The House of Representatives is expected to vote Tuesday on a resolution calling for Vice President Pence to invoke the 25th amendment against President Trump, days after violent insurrectionists, fueled by Trump’s rhetoric, overtook the U.S. Capitol.

The measure, which is likely to pass the Democrat-controlled House, urges Pence to “immediately” use his powers to convene the Cabinet and declare Trump unfit for office and assume the powers and responsibilities of acting president of the United States.

Trump “widely advertised and broadly encouraged” the protests that led to last week’s violence, the resolution argues, and then ignored calls to swiftly condemn his supporters’ actions. It also cites his repeated efforts to delegitimize the presidential election results with false claims of widespread voter fraud.

The vote comes as Democrats in the House have also filed an impeachment resolution charging Trump with fomenting the insurrection.

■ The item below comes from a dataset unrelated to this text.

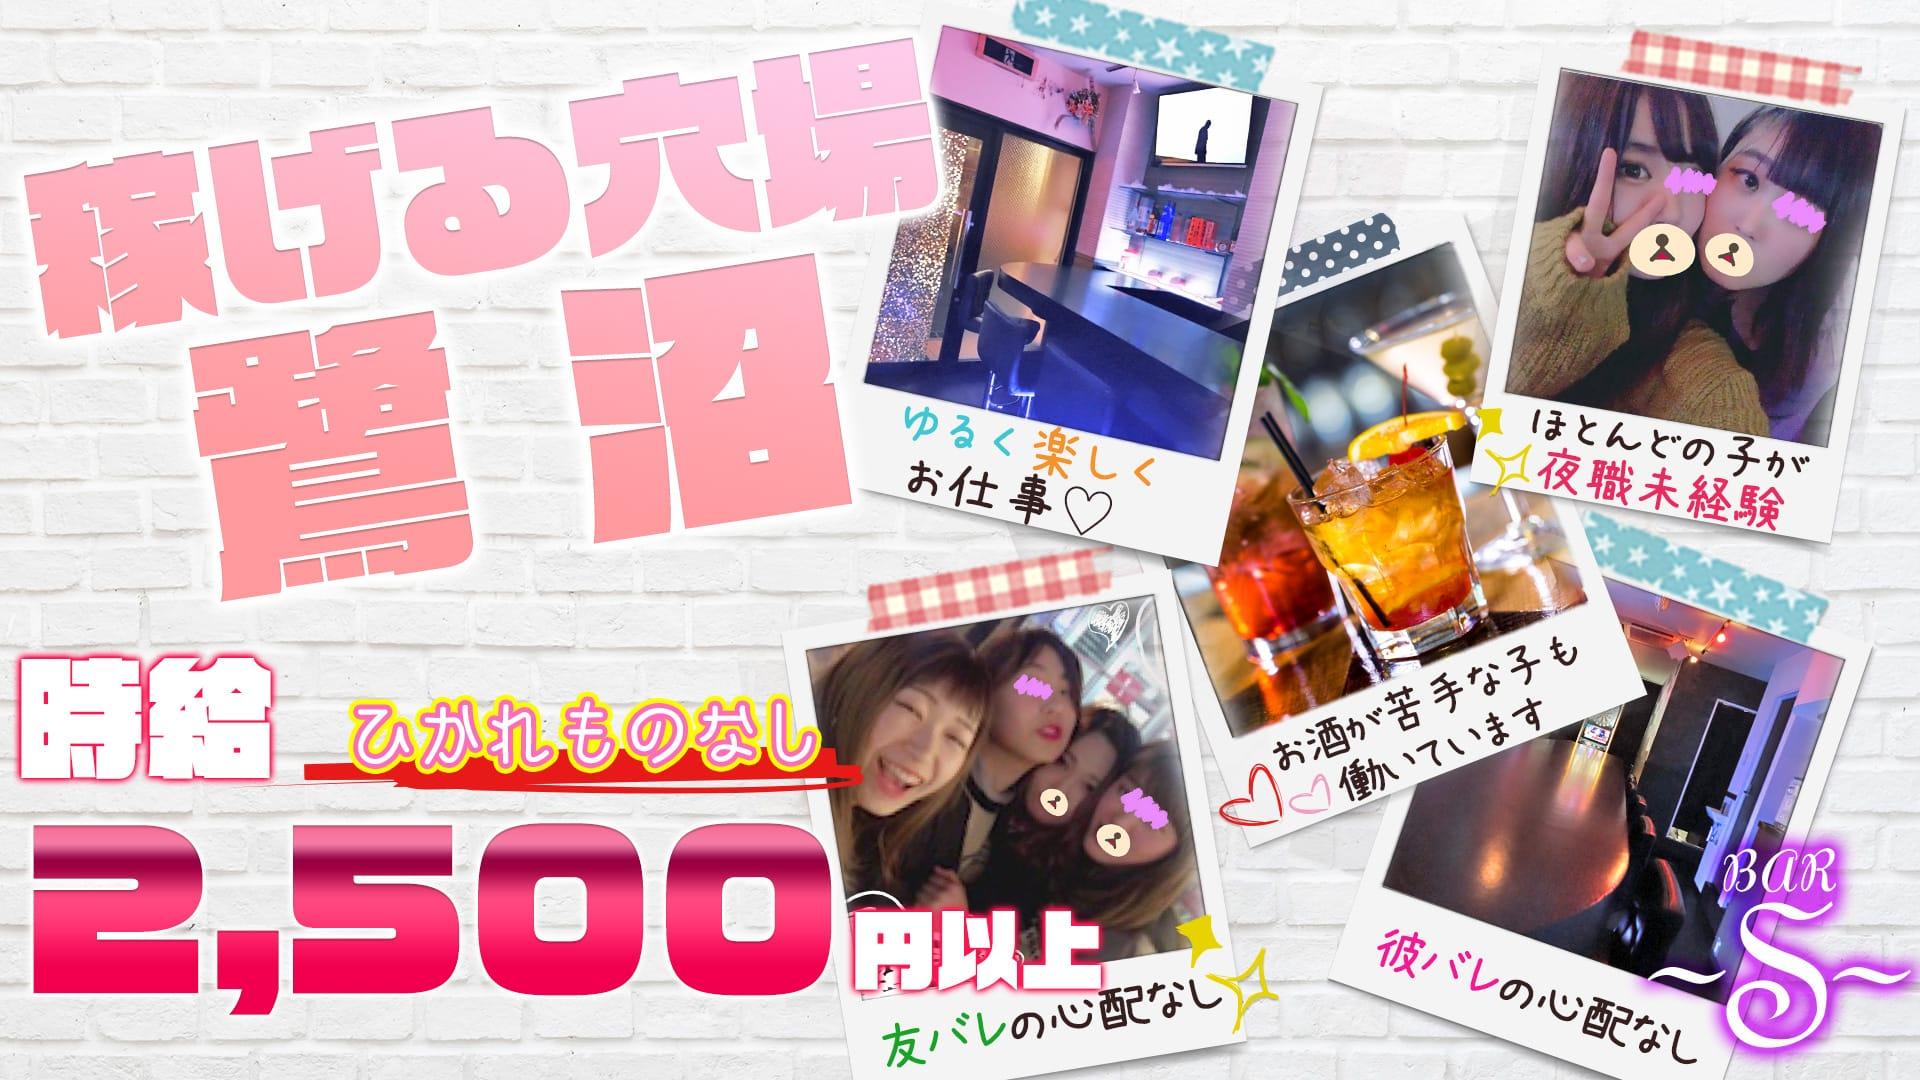 【鷺沼駅】BAR S(エス) 溝の口ガールズバー TOP画像

If Pence does not respond within 24 hours to the 25th Amendment resolution, the House plans to move forward with impeachment proceedings. Trump is just the third U.S. president to have ever been impeached. He would be the only to have been impeached twice.

Pence has given no indication that he plans to seek Trump’s removal from office. But Democrats, emboldened by bipartisan outrage over the attempted siege of the Capitol last week, are resolved in their efforts to seek Trump’s dismissal even before President-elect Joe Biden is sworn in on Jan. 20.

Given the need for the Senate to also act in that time frame, achieving that goal is unlikely — though a senior Democratic aide told NPR that Senate Democratic leader Chuck Schumer is exploring emergency authority to call that chamber back to move more quickly.